Extension study will give more support to this IMO.
J Clin Neurosci. 2014 Aug 20. pii: S0967-5868(14)00304-X. doi: 10.1016/j.jocn.2014.03.036. [Epub ahead of print]
Diagnostic value of Alzheimer's disease-related individual structural volume measurements using IBASPM.
Han SH1, Lee MA2, An SS2, Ahn SW1, Youn YC3, Park KY1.
We validated the use of medial temporal volume measurements via the automated volumetric method of Individual Brain Atlases using Statistical Parametric Mapping (IBASPM) in screening for Alzheimer's disease (AD). We also determined the optimal cut-off values for hippocampal volumes. This study included T1-weighted MRI of 89 patients with AD and 33 normal controls. To determine age-specific cut-off values we grouped subjects according to age. The regional structural volumes of each group were measured using individual atlas-based volumetry with IBASPM. The normalized value of left hippocampal volume in patients with AD was significantly lower than that of normal controls in all age groups. The area under the curve values of the left hippocampus in receiver operating characteristic curves were also the largest in the medial temporal lobe, indicating that left hippocampal volume is the most useful factor in AD screening. The optimal cut-off values of the left hippocampus for diagnosing AD were 4.06 in the 60-64year age group, 4.05 in the 65-69 group, 4.07 in the 70-74 group and 3.63 in patients older than 75. Measurements of left hippocampal volume using the IBASPM may be useful for AD screening in clinical practice, and could provide a useful biomarker for AD.
Yes, interestingtome, and we have much more:
- cognition improvement in Euro study
- hippocampus atrophy decline in the Imagine study ( a trend)
- cognition improvement in reach2HD
All these are much more than surv changes in the Imagine study.

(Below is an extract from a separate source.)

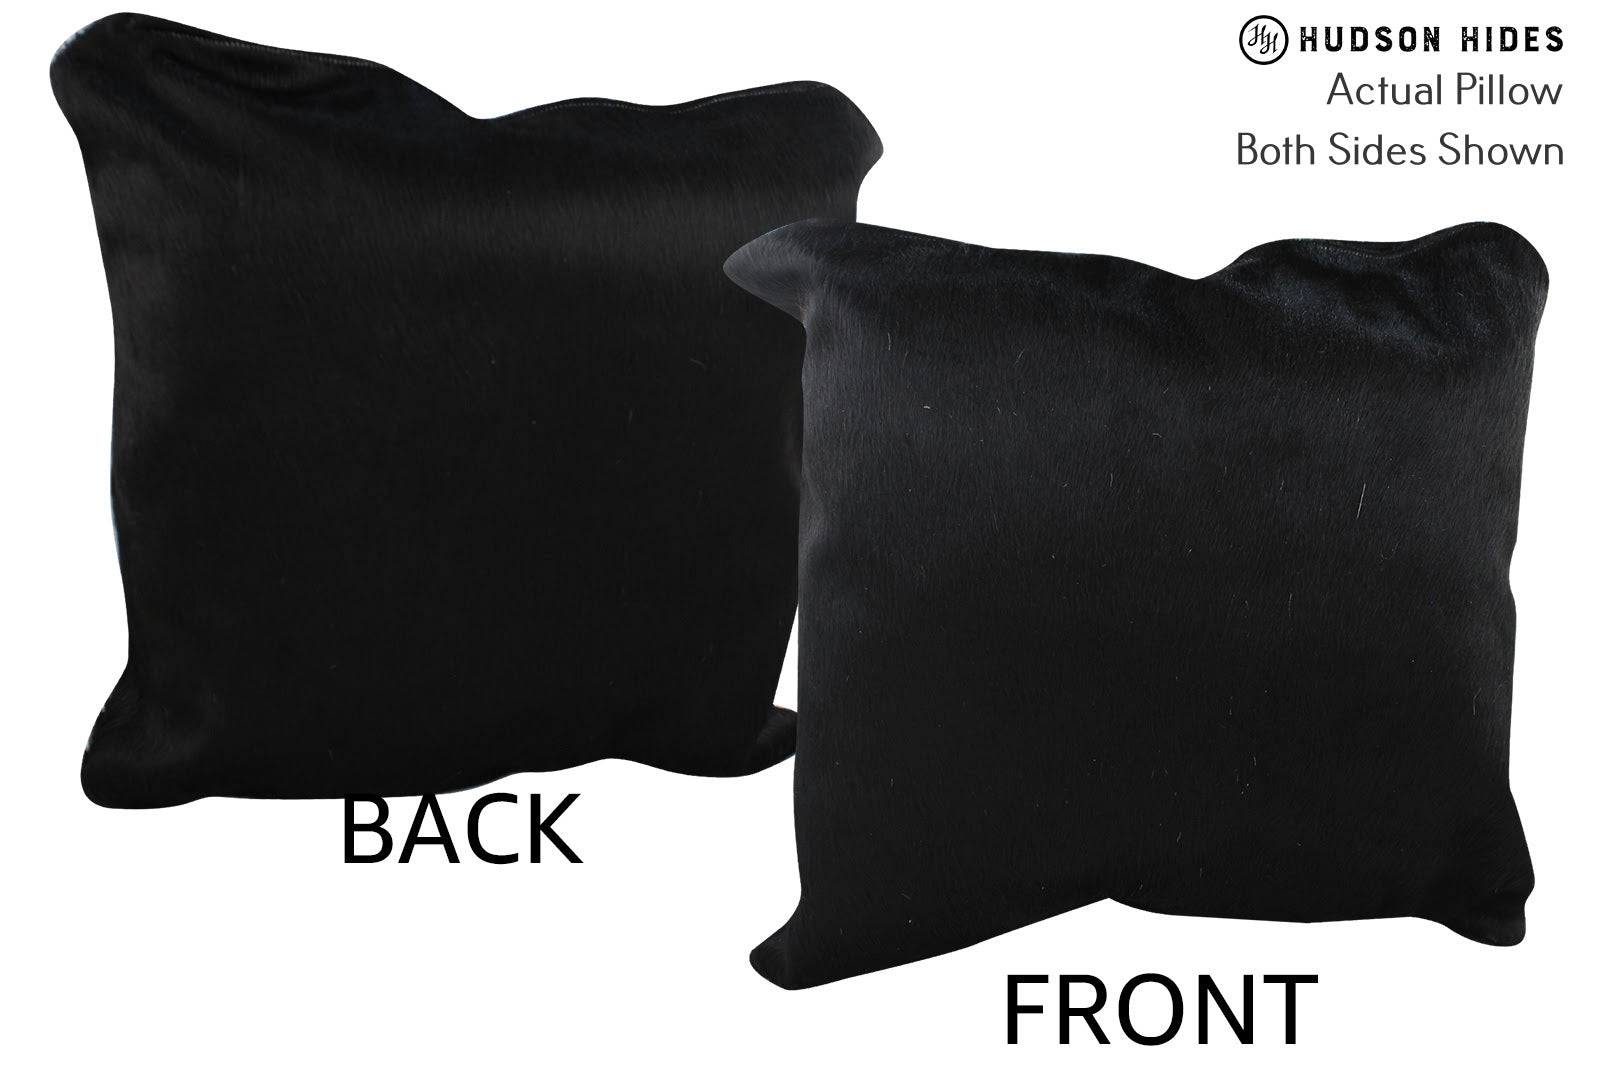 Solid Black Cowhide Pillow #75534
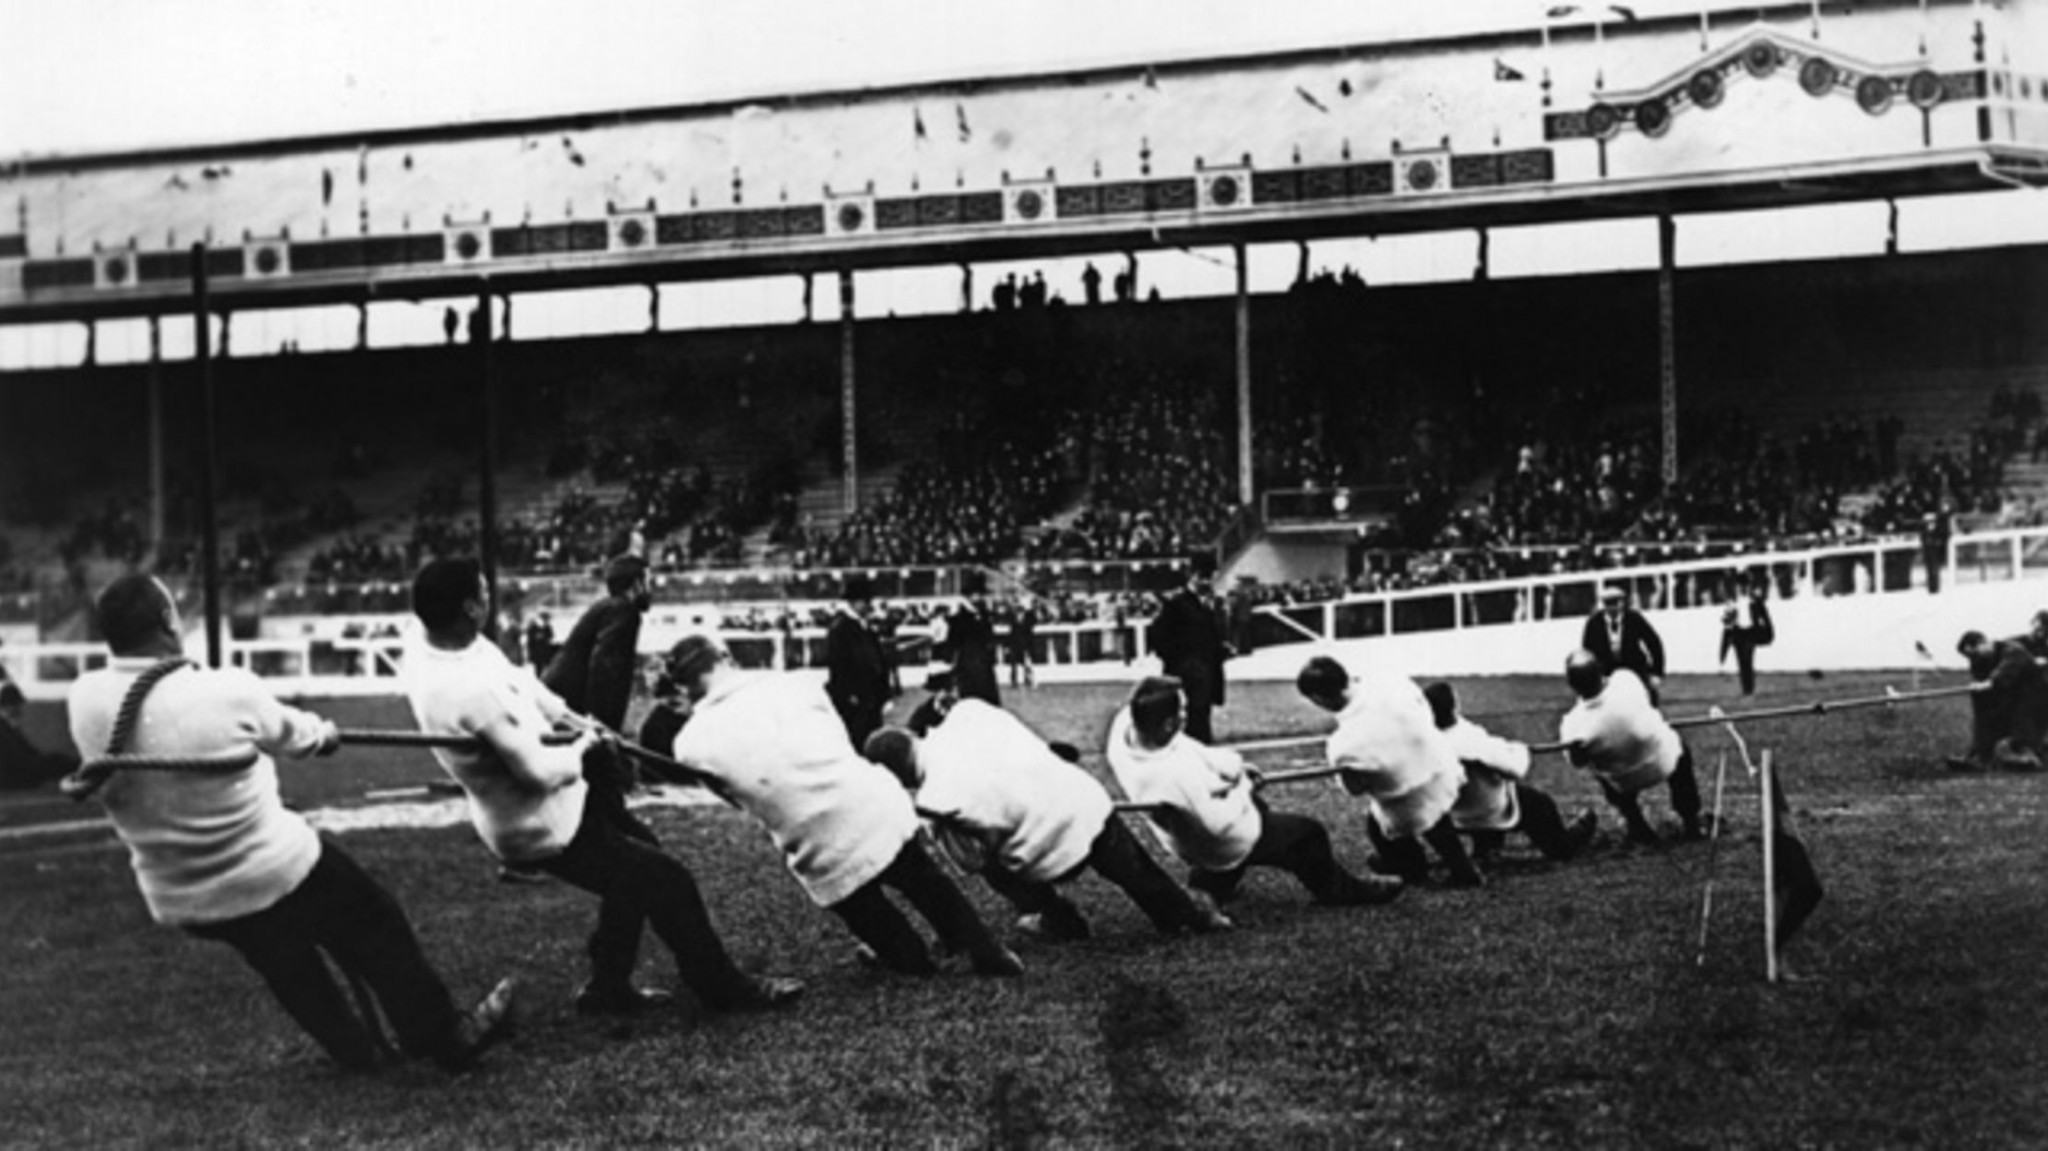 Tug of war appeared in every Olympic Games from Paris 1900 to Antwerp 1920 ©Getty Images

So it is a big job to demonstrate that a drug does not work. It took some 3000 patient years before that was obvious enough in the 2care study. The imagine study used 41 patient years, only 1.4% of the amount what there was in the 2care study, not even close what is needed to demonstrate that a drug does not work. Unfortunately Wall Street and many investors did not understand that. You can demonstrate that a drug works in much smaller patient population ( Reach2HD) but small numbers are not enough to demonstrate that a drug does not work. With a very small numbers we have a possibility to see possible positive trends ( hippocampus atrophy rate in the Imagine study).